_WHAT THE TASK ASKS_. Render every line of the data exactly as written, and leave out the pictures.

_DATA PROVIDED_.
§ §

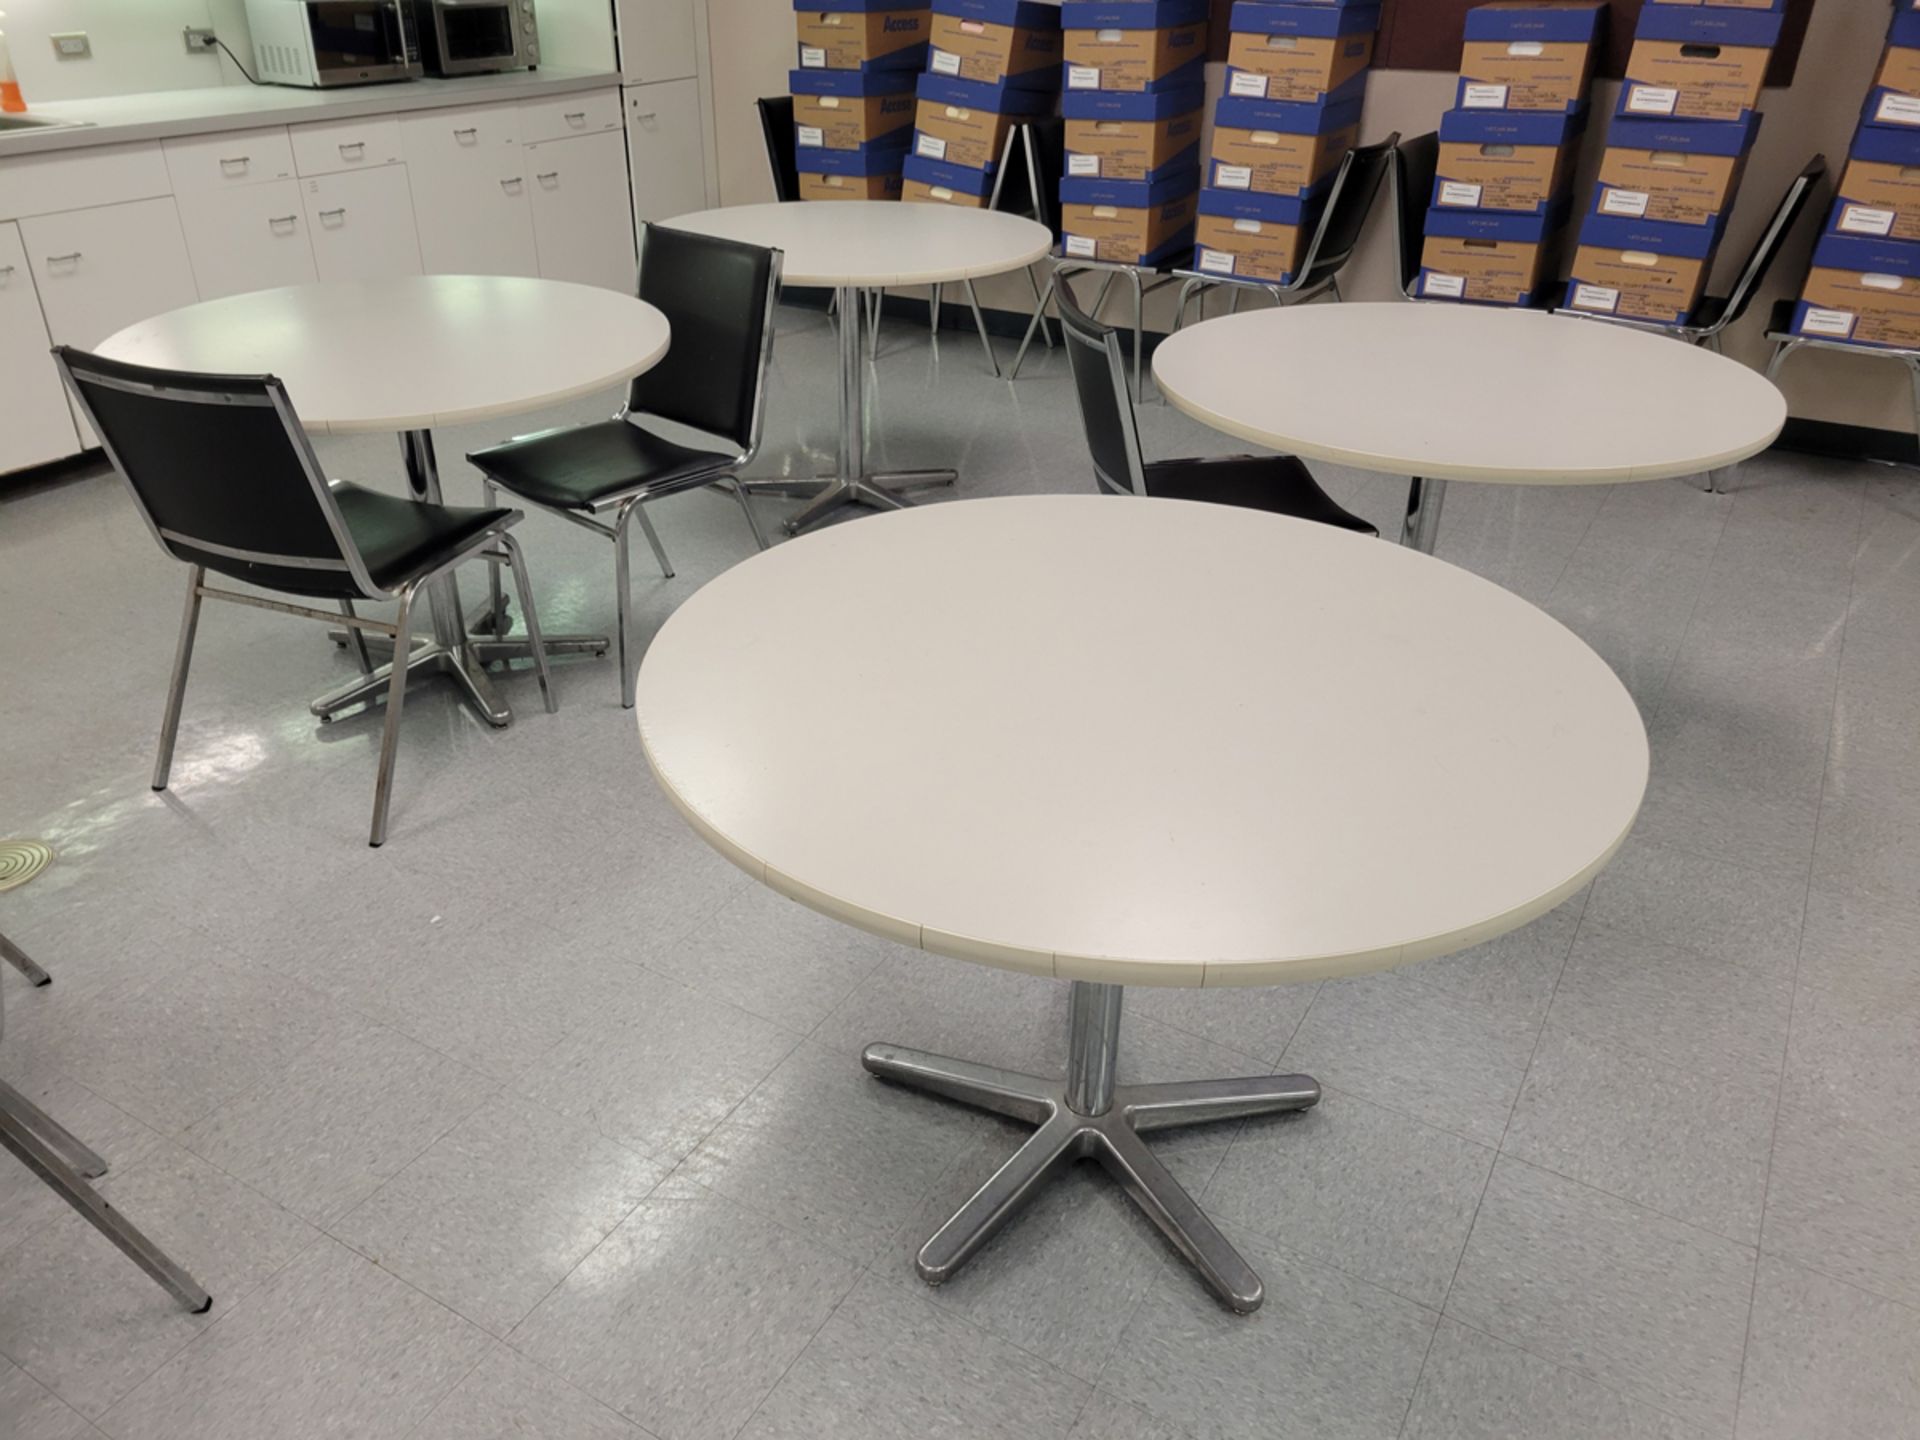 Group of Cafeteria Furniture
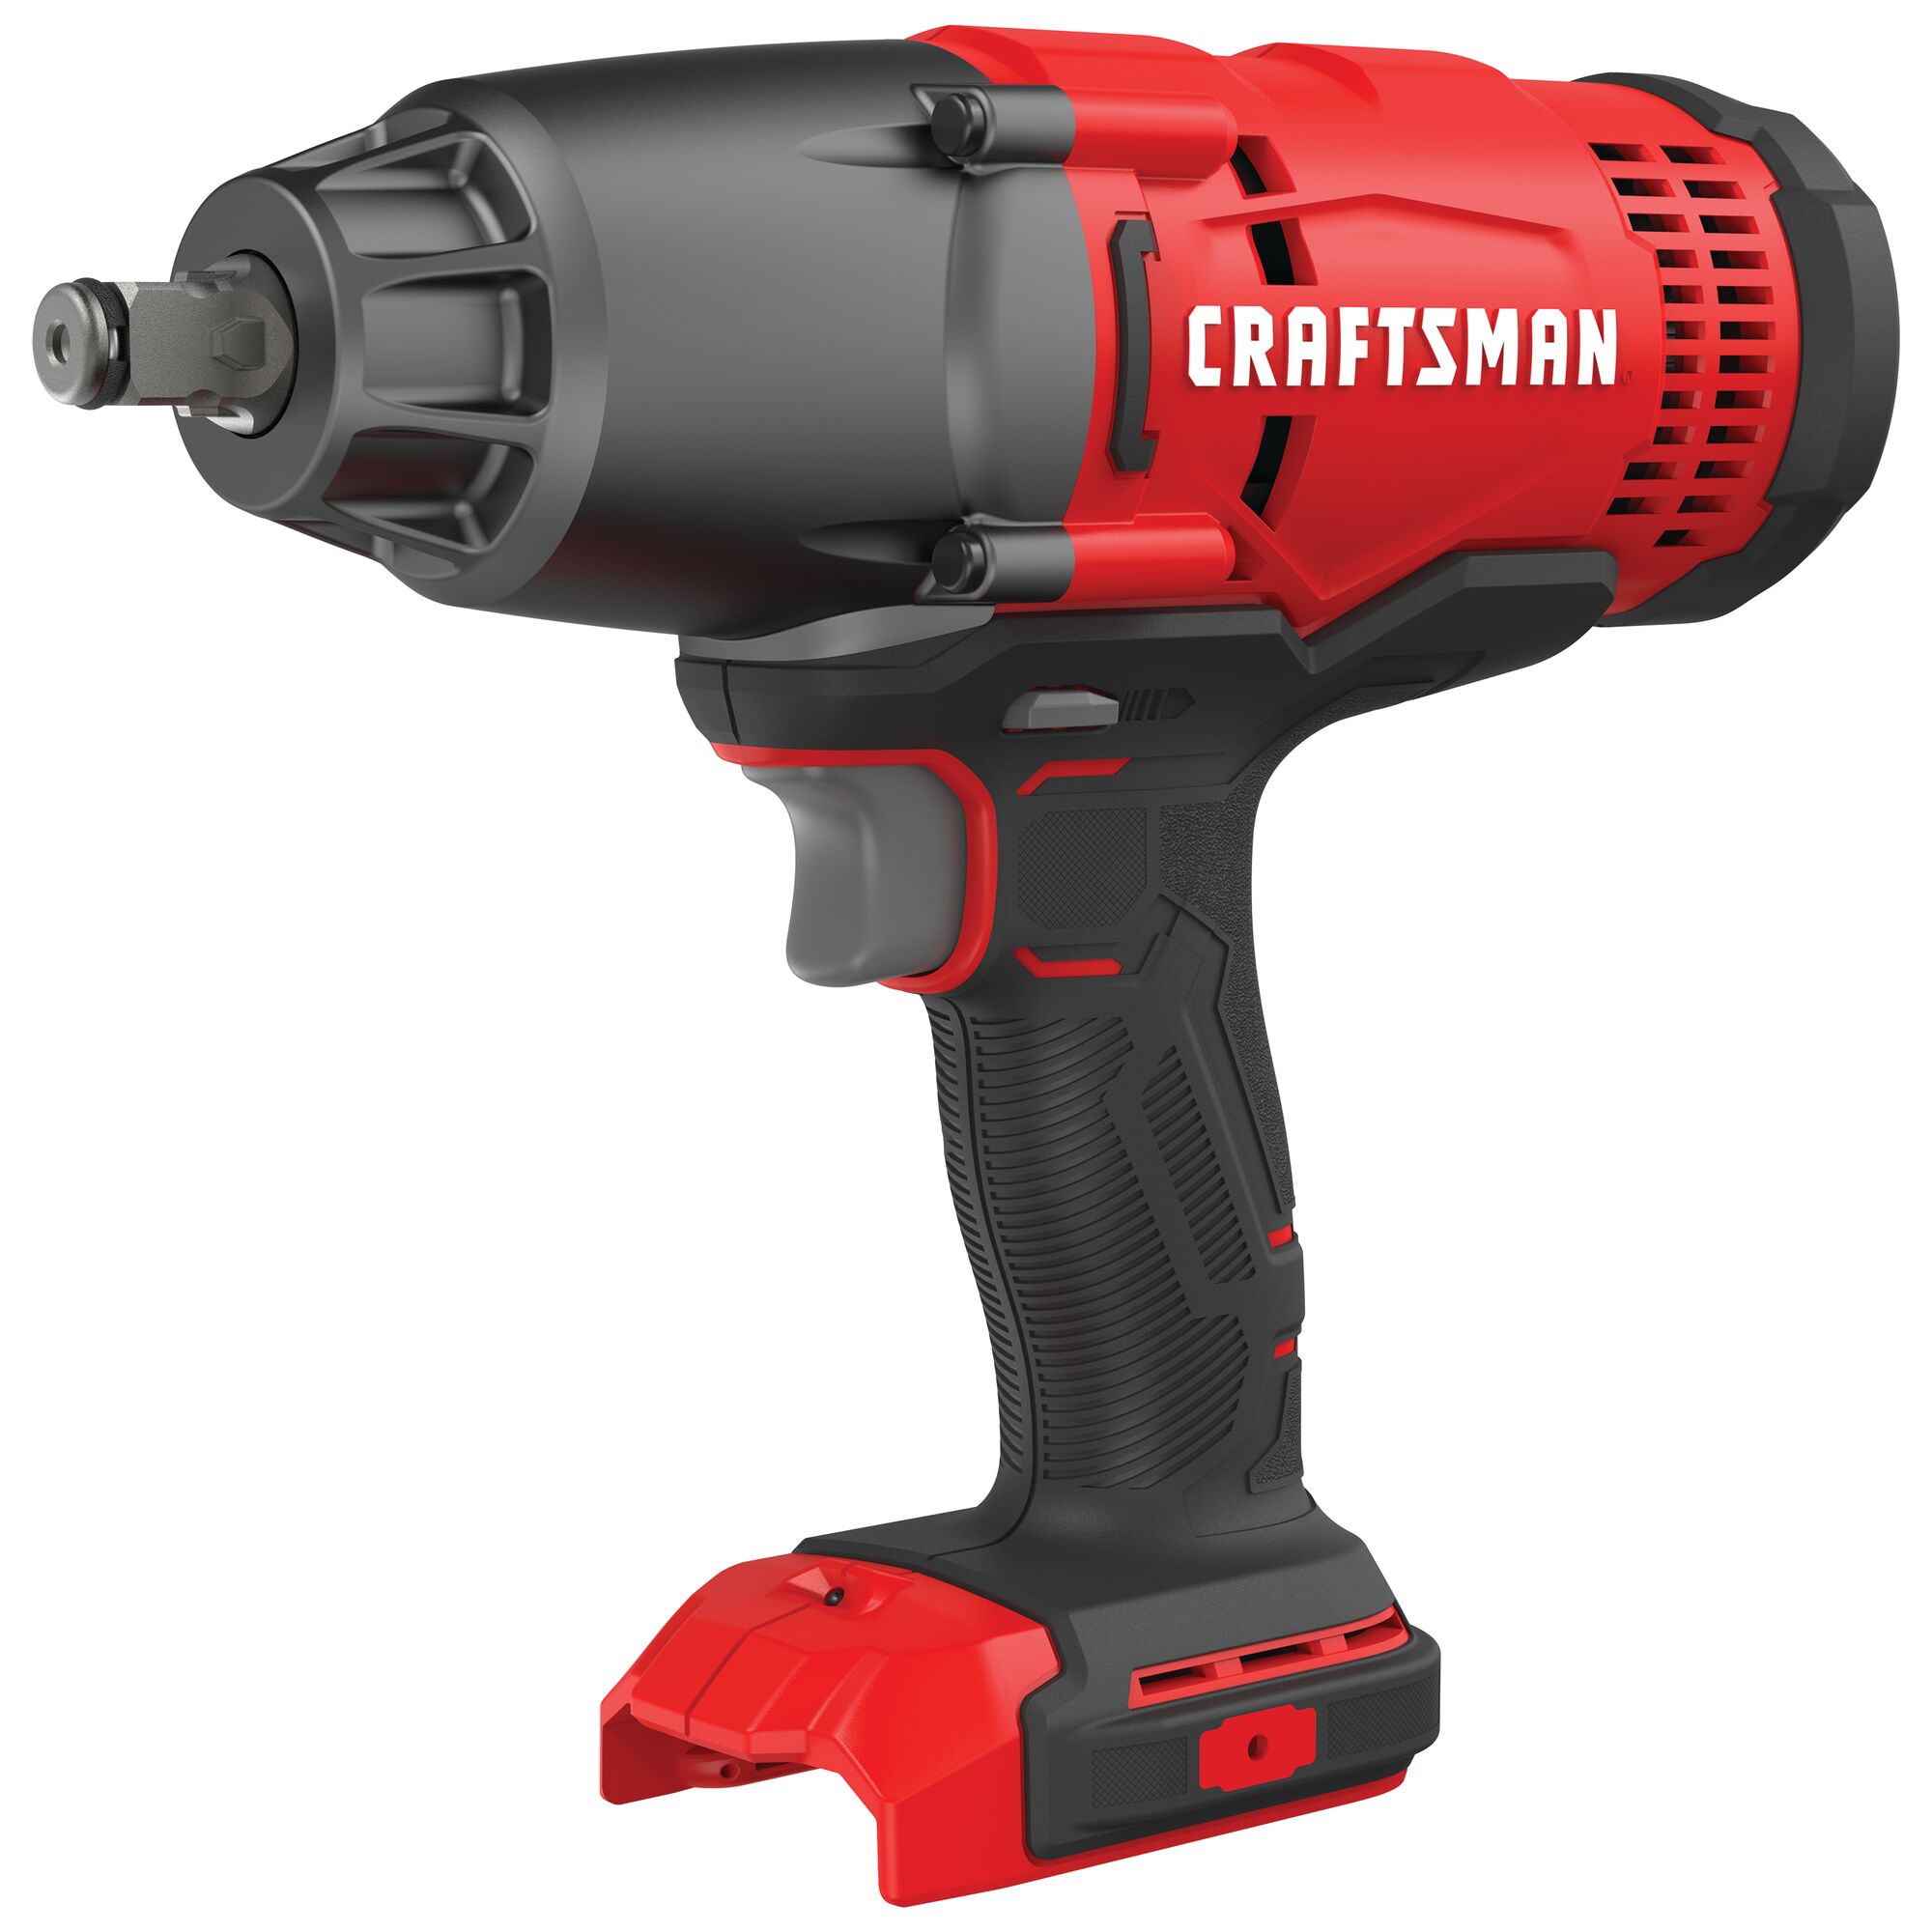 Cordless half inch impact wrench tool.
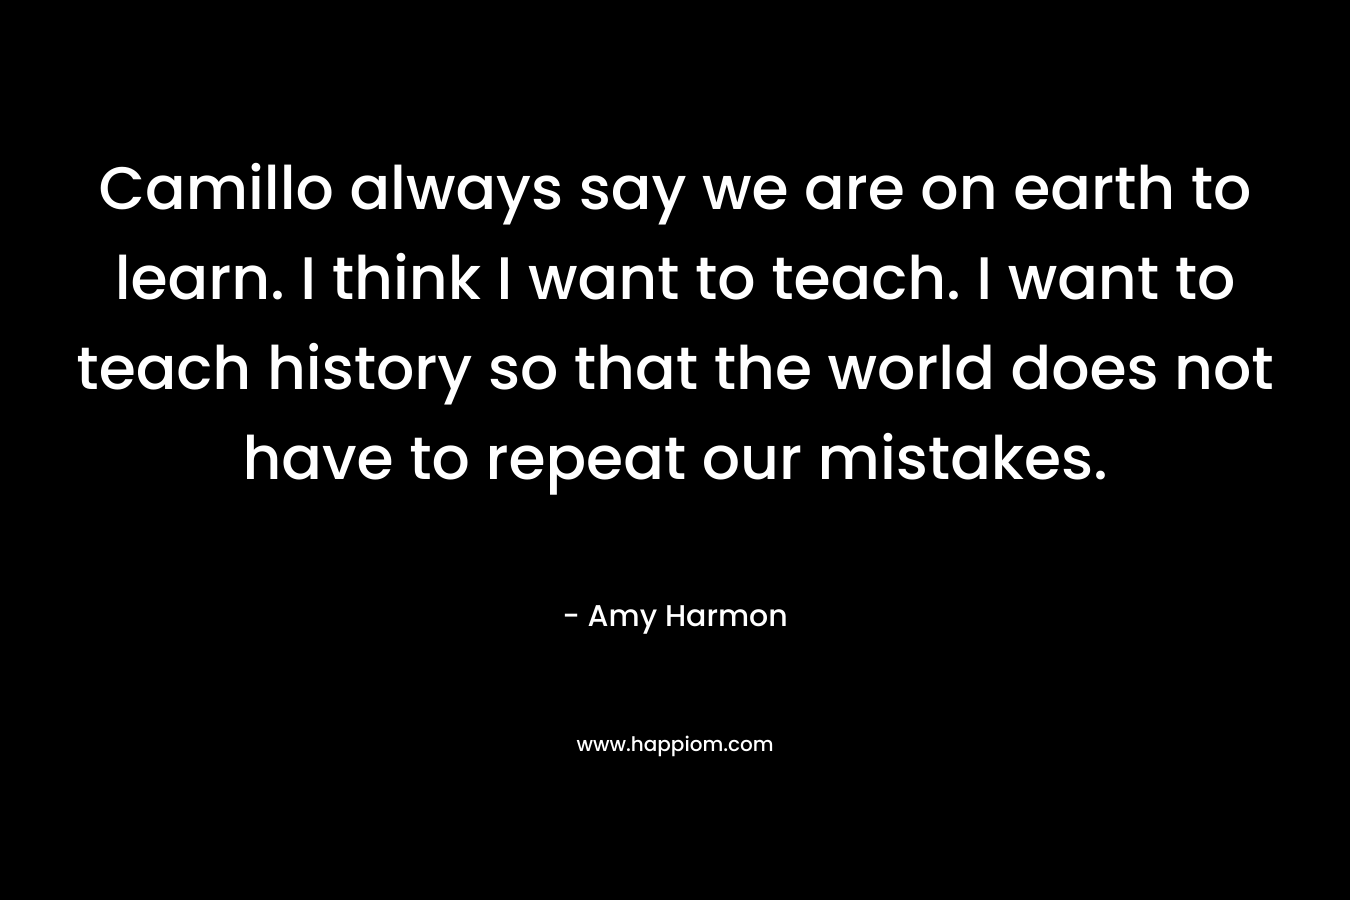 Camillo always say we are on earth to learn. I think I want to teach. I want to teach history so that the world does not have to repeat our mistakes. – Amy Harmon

§ §

_THE ANSWER_.
 Group of Cafeteria Furniture
 Cordless half inch impact wrench tool.
 Camillo always say we are on earth to learn. I think I want to teach. I want to teach history so that the world does not have to repeat our mistakes. – Amy Harmon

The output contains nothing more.